Vergessen oder vernachlässigt?

Jugendhilfe in der Pandemie

Schließungen, Einschränkungen,

Lockdowns – die Corona-

Pandemie hat seit März 2020

Auswirkungen auf zahlreiche

Lebens- und Arbeitsbereiche.

Warum wird dabei die Jugendhilfe

vergessen? Ein Interview.

VON CHANTAL AUGELLO

Cedric Kutzli, Jugend- und Heimerzieher

im heilpädagogischen Kinderund

Jugendhilfezentrum Sperlingshof,

betreut acht Jungen im Alter von

zwölf bis 17 Jahren. Er erzählt, welche

Herausforderungen die Pandemie und die Maßnahmen

zur Eindämmung mit sich brachten.

mediakompakt: Wie sah der Alltag vor Corona in

der Wohngruppe aus?

Cedric: An Wochentagen gehen die Jugendlichen

zur Schule. Nach dem Mittagessen im Wohnhaus

erledigen sie ihre Hausaufgaben oder bereiten sich

auf Schularbeiten vor. Einige erhalten Nachhilfeunterricht.

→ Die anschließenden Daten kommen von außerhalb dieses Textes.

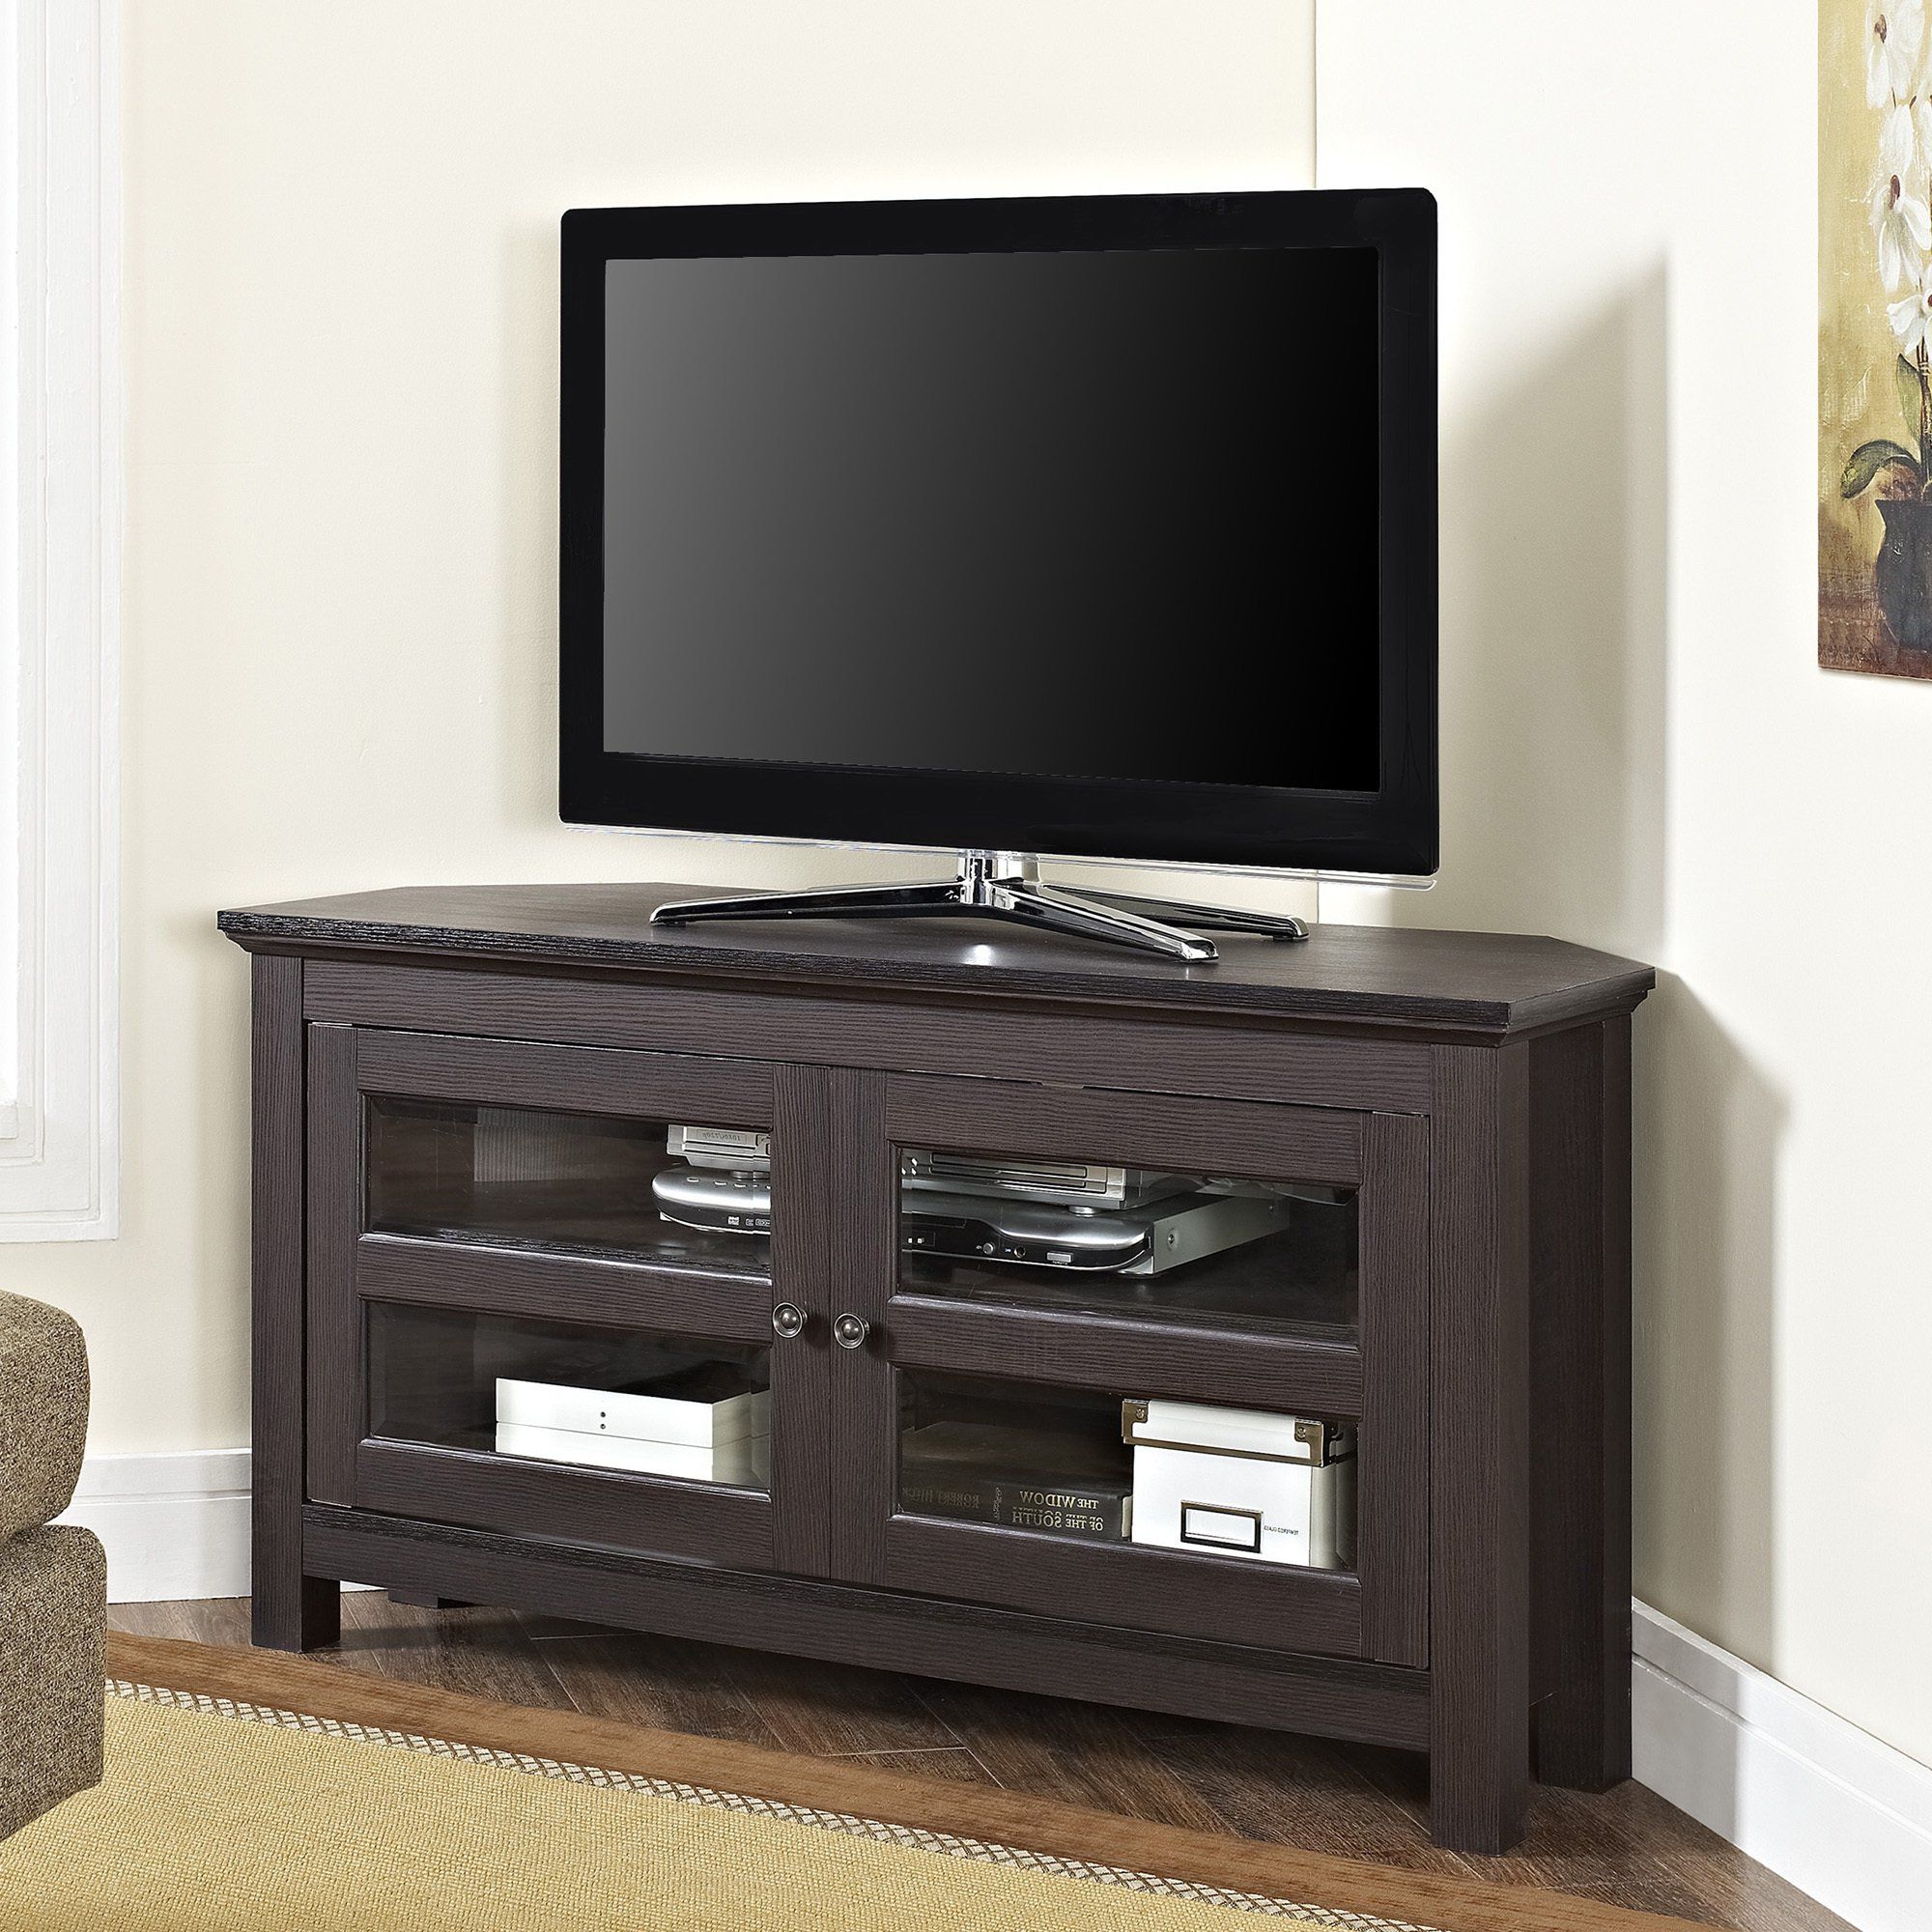 Latest Corner Tv Cabinets For Flat Screens With Doors Within Shop Espresso Wood 44 Inch Corner Tv Stand – Free Shipping On Orders (View 17 of 20)

Vor der Pandemie haben sie am Nachmittag

Vereine besucht und sind ihren Hobbys,

etwa Mannschaftssport, nachgegangen. An den

Wochenenden standen meistens Gruppenaktivitäten

und Ausflüge an der Tagesordnung, da sind

wir dann auch mal ins Freibad gegangen, zum Minigolfen

oder ins Museum.

mediakompakt: Was hat sich verändert?

Cedric: Sehr vieles. Die Jugendlichen können keine

Vereine mehr besuchen und somit auch nicht

ihren Hobbys nachgehen. Nachhilfe wird bei uns

hofintern angeboten, deshalb findet das glücklicherweise

statt. Aber die Möglichkeiten der Freizeitgestaltung,

vor allem während eines Lockdowns,

sind reduziert. Wir haben einen Sportplatz

auf dem Hof, doch außerhalb des Geländes

sind wir wegen der Schließungen von Freizeit

-und Kultureinrichtungen sehr eingeschränkt.

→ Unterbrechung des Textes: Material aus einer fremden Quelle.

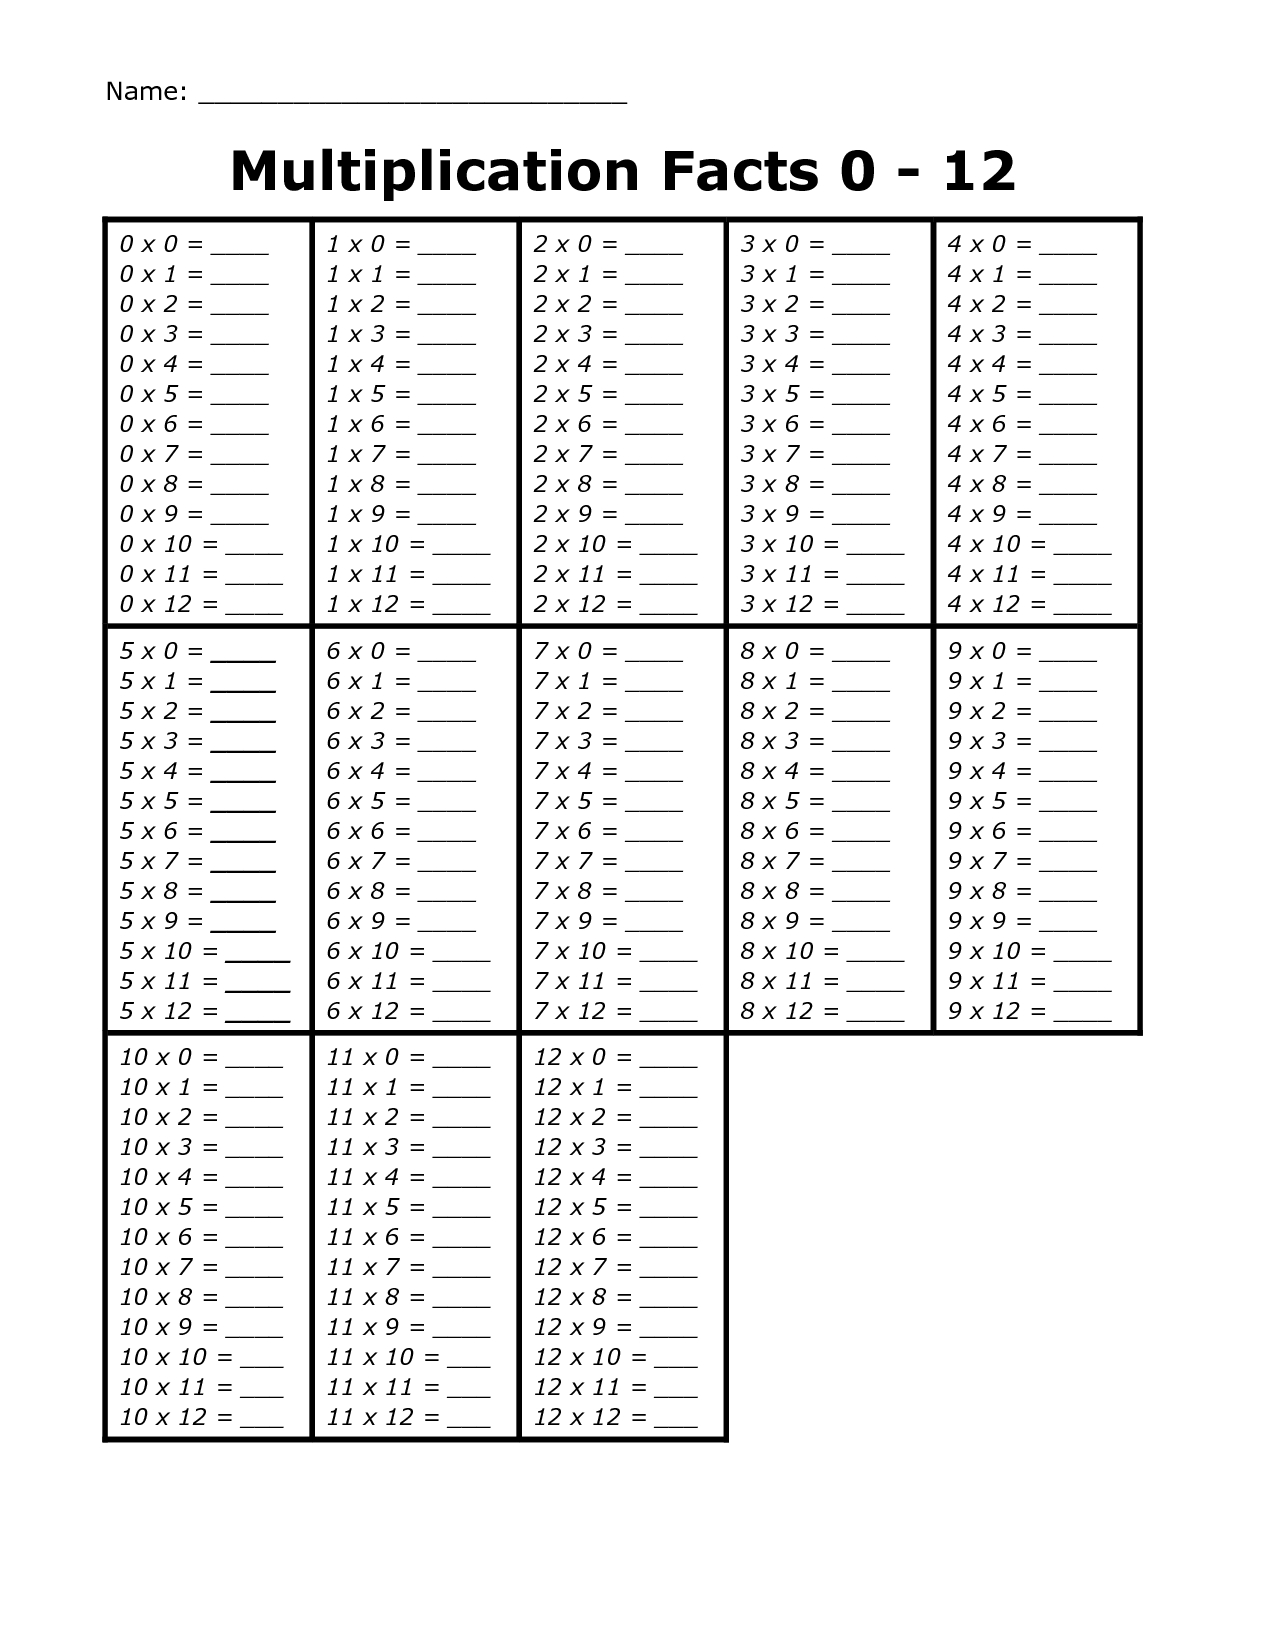 4-times-table-worksheets-printable-activity-shelter

mediakompakt: Wie gehen die Jugendlichen damit

um?

Cedric: Wenn man zu acht in einem Haushalt festsitzt,

macht sich das natürlich bemerkbar. In der

Freizeitgestaltung geht es darum, die Lebensqualität

der Jugendlichen zu verbessern und belastende

Situationen außerhalb vom Hof, in einem sozialen

Umfeld, etwa in der Stadt, zu erproben. Wenn

das nicht möglich ist, stagniert auch der Therapieerfolg

bei den Jungen.

mediakompakt: Geht dir manchmal die Kraft aus?

Cedric: Wir alle sind während der Pandemie vielen

Veränderungen ausgesetzt, die neue Herausforderungen

mit sich bringen. Manchmal ist das schon

anstrengend. Im Vordergrund stehen immer die

Sorgen und Probleme der Kinder. Wir versuchen

das Beste aus der Situation zu machen und kreative

Lösungen zu finden.

mediakompakt: Wie funktionierte die digitale Umsetzung

der Schulaufgaben während Schulschließungen?

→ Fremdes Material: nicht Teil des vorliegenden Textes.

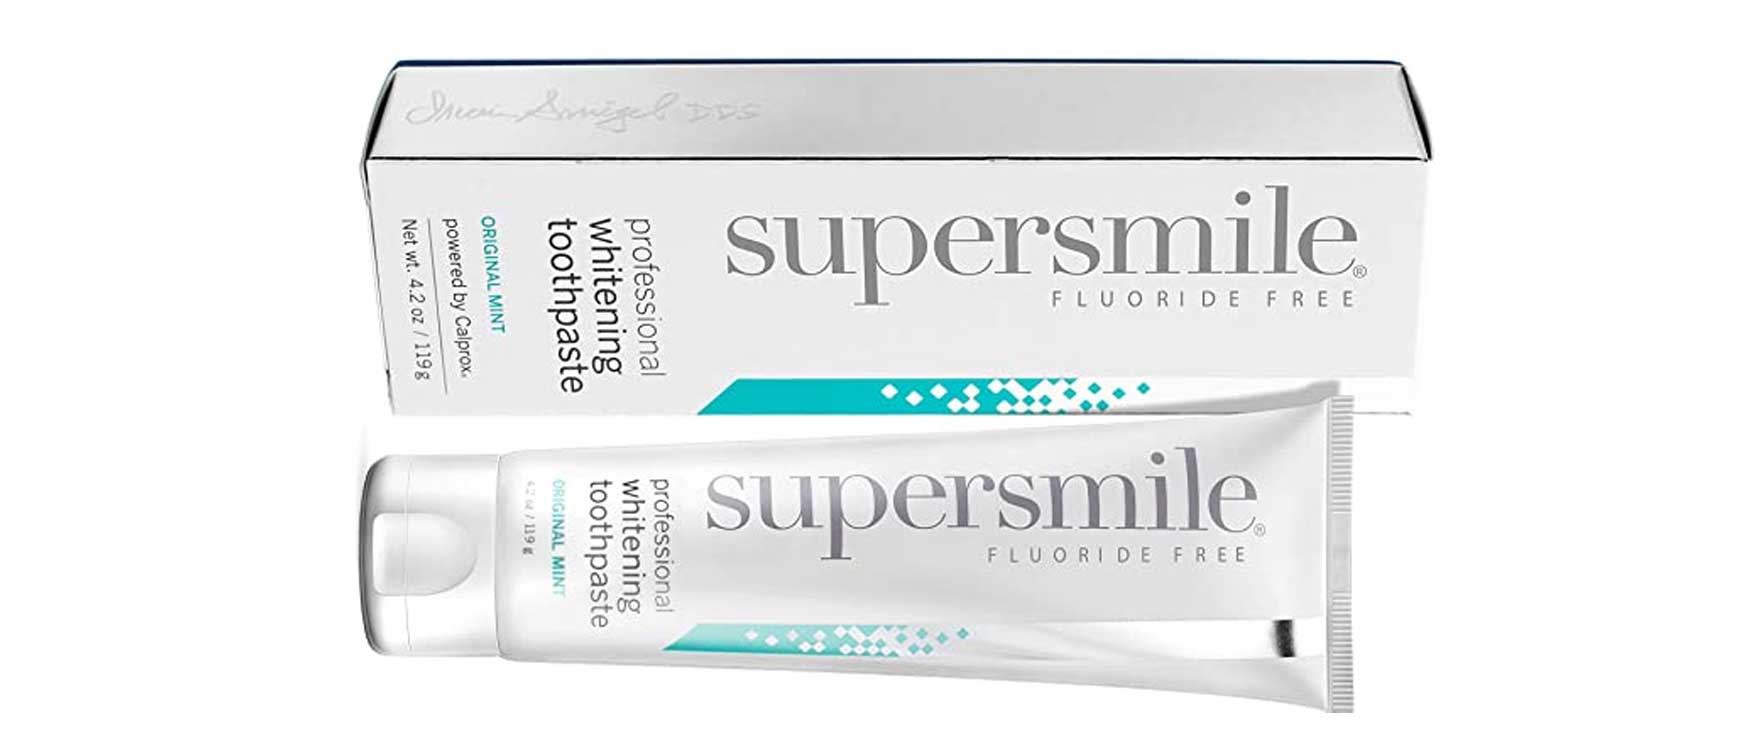 1. Supersmile Professional Whitening Toothpaste with Fluoride

Brauchen die Jugendlichen mehr Unterstützung

als zuvor?

Cedric: Die Schüler haben Home-Schooling und

nutzten dafür ihre Handys. Es gibt einen Gruppen-Laptop,

den sich die acht Bewohner teilen

müssen. Manche erhalten Wochenplaner, mit

Aufgaben für die ganze Woche. Jeder Jugendliche

braucht mehr Unterstützung. Doch diese kann

nicht für jeden gewährleistet werden. Manchen

fällt es daher besonders schwer, in der Schule mitzuhalten.

mediakompakt: Die stationäre Jugendhilfe als sozial-

und systemrelevanter Bereich bedarf besonderer

Aufmerksamkeit. Dazu gehören Hilfeplangespräche

und psychologische Unterstützung: Finden

solche Gespräche weiterhin statt?

Cedric: Ja, manchmal digital und nicht in Präsenz.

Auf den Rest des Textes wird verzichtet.